United States District Court, Northern District of Illinois
Aug 7, 2024
21 CV 639 (N.D. Ill. Aug. 7, 2024)

Opinion

21 CV 639

08-07-2024

ADAM G., Plaintiff, v. MARTIN J. O'MALLEY, COMMISSIONER OF SOCIAL SECURITY, Defendant.


MEMORANDUM OPINION AND ORDER

HEATHER K. McSHAIN, United States Magistrate Judge

Plaintiff Adam G. appeals the Commissioner of Social Security's decision denying his application for benefits. For the following reasons, plaintiff's motion to reverse or remand [15] is granted, defendant's motion for summary judgment [20] is denied, and the case is remanded for further administrative proceedings.

Bracketed numbers refer to entries on the district court docket.
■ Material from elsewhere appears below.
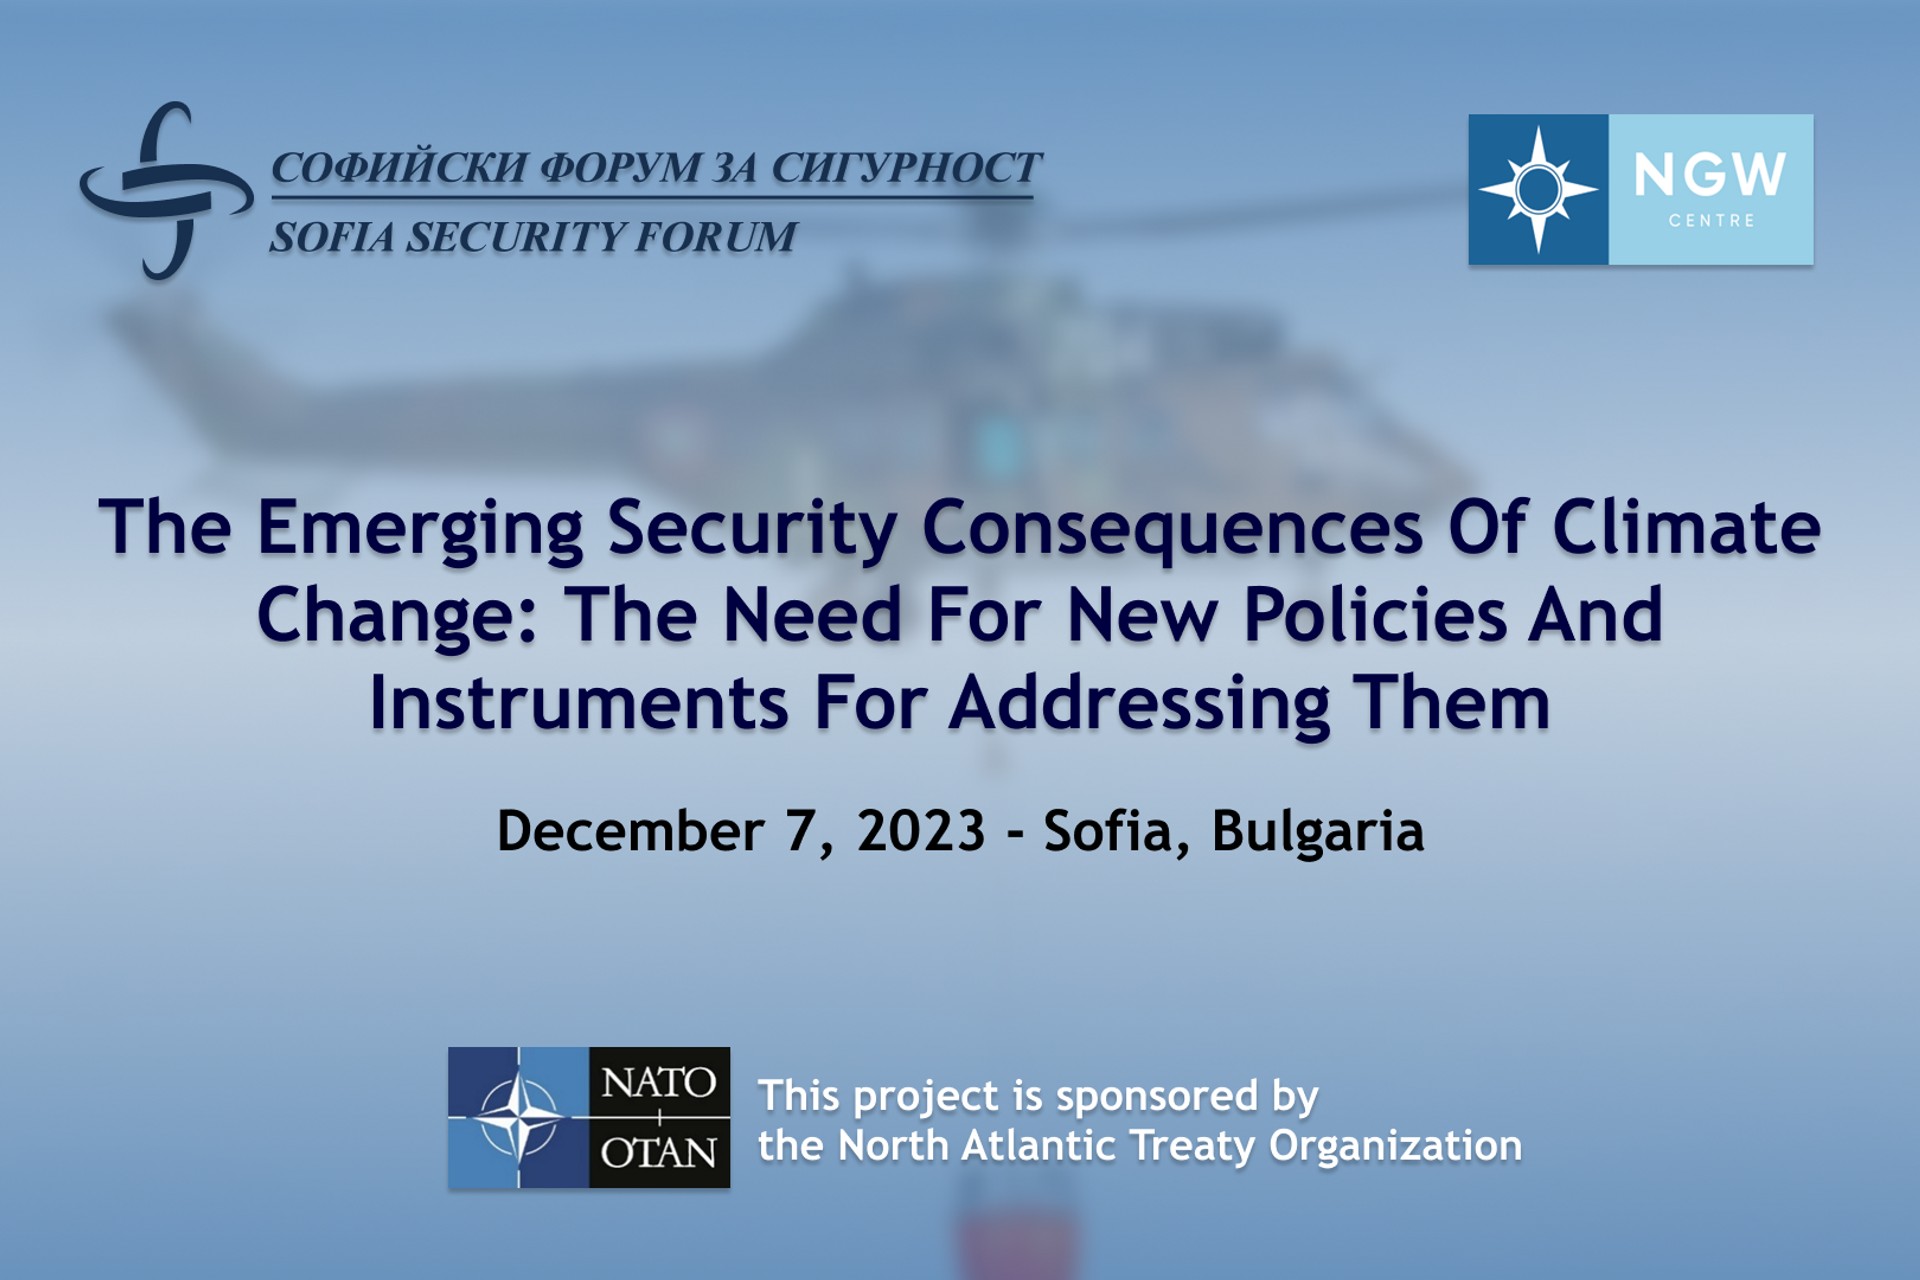 THE EMERGING SECURITY CONSEQUENCES OF CLIMATE CHANGE: THE NEED FOR NEW POLICIES AND INSTRUMENTS

Referenced page numbers are taken from the CM/ECF header placed at the top of filings, except for citations to the administrative record [14-1], which refer to the page numbers in the bottom right corner of each page.

Background

A. Procedural Background

In August 2017, plaintiff filed a Title XVI application for supplemental security income, alleging a disability onset of June 7, 2008. [14-1] 15. Plaintiff's claim was denied initially and on reconsideration. [Id.]. Plaintiff requested a hearing, which was held before an administrative law judge (ALJ) on April 22, 2020. [Id.]. In a decision dated April 30, 2020, the ALJ found that plaintiff was not disabled and denied his application. [Id.] 15-35. The Appeals Council denied review on December 4, 2020 [id.] 1-5, making the ALJ's decision the agency's final decision. See 20 C.F.R. §§ 404.955 & 404.981. Plaintiff timely appealed to this Court, and the Court has subject-matter jurisdiction to review the Commissioner's decision under 42 U.S.C. § 405(g).

The parties have consented to the exercise of jurisdiction in this case by a United States Magistrate Judge. [8, 10].

B. The ALJ's Decision

The ALJ reviewed plaintiff's disability claim in accordance with the SSA's five-step sequential evaluation process. At step one of his decision, the ALJ found that plaintiff had not engaged in substantial gainful employment since the application date. [14-1] 17. At step two, the ALJ determined that plaintiff had the following severe impairments: diabetes mellitus, type 1; thyroid cancer (post treatment); and learning disability. [Id.]. At step three, the ALJ ruled that plaintiff's impairments did not meet or equal the severity of a listed impairment. [Id.] 17-27. Before turning to step four, the ALJ found that plaintiff had the residual functional capacity (RFC) to perform light work, subject to the following non-exertional limitations:

Avoid all exposure to work hazards such as unprotected heights and dangerous machinery.
Additionally, the claimant is limited to work that requires performing simple routine repetitive tasks.
The work should require only occasional interaction with the public in the work setting and only occasional interaction with co-workers and supervisors. The work should not require performance in close proximity to others or performance of tandem tasks.
The claimant is further limited to work that does not have strict production rate requirements with hourly or other periodic production quotas, but can involve end-of-day production requirements. The claimant is able to work at a flexible pace independent of the speed of machinery, equipment, and others in the production process.
The work should require only occasional decision-making and only occasional changes in work setting.
With these limitations, the claimant would be off task 10 percent of the workday and be absent 6 days per year.
[14-1] 28.

At step four, the ALJ found that plaintiff had no relevant past work experience. [Id.] 34. At step five, the ALJ ruled that significant numbers of jobs existed in the national economy that plaintiff could perform: hand packager (119,000 jobs), housekeeper (560,000 jobs), and mail sorter (72,000 jobs). [Id.] 35. The ALJ accordingly ruled that plaintiff was not disabled and denied his application for supplemental security income. [Id.].

Legal Standard

Under the Social Security Act (SSA), disability is defined as the “inability to engage in any substantial gainful activity by reason of any medically determinable physical or mental impairment which can be expected to result in death or which has lasted or can be expected to last for a continuous period of not less than 12 months.” 42 U.S.C. § 423(d)(1)(A).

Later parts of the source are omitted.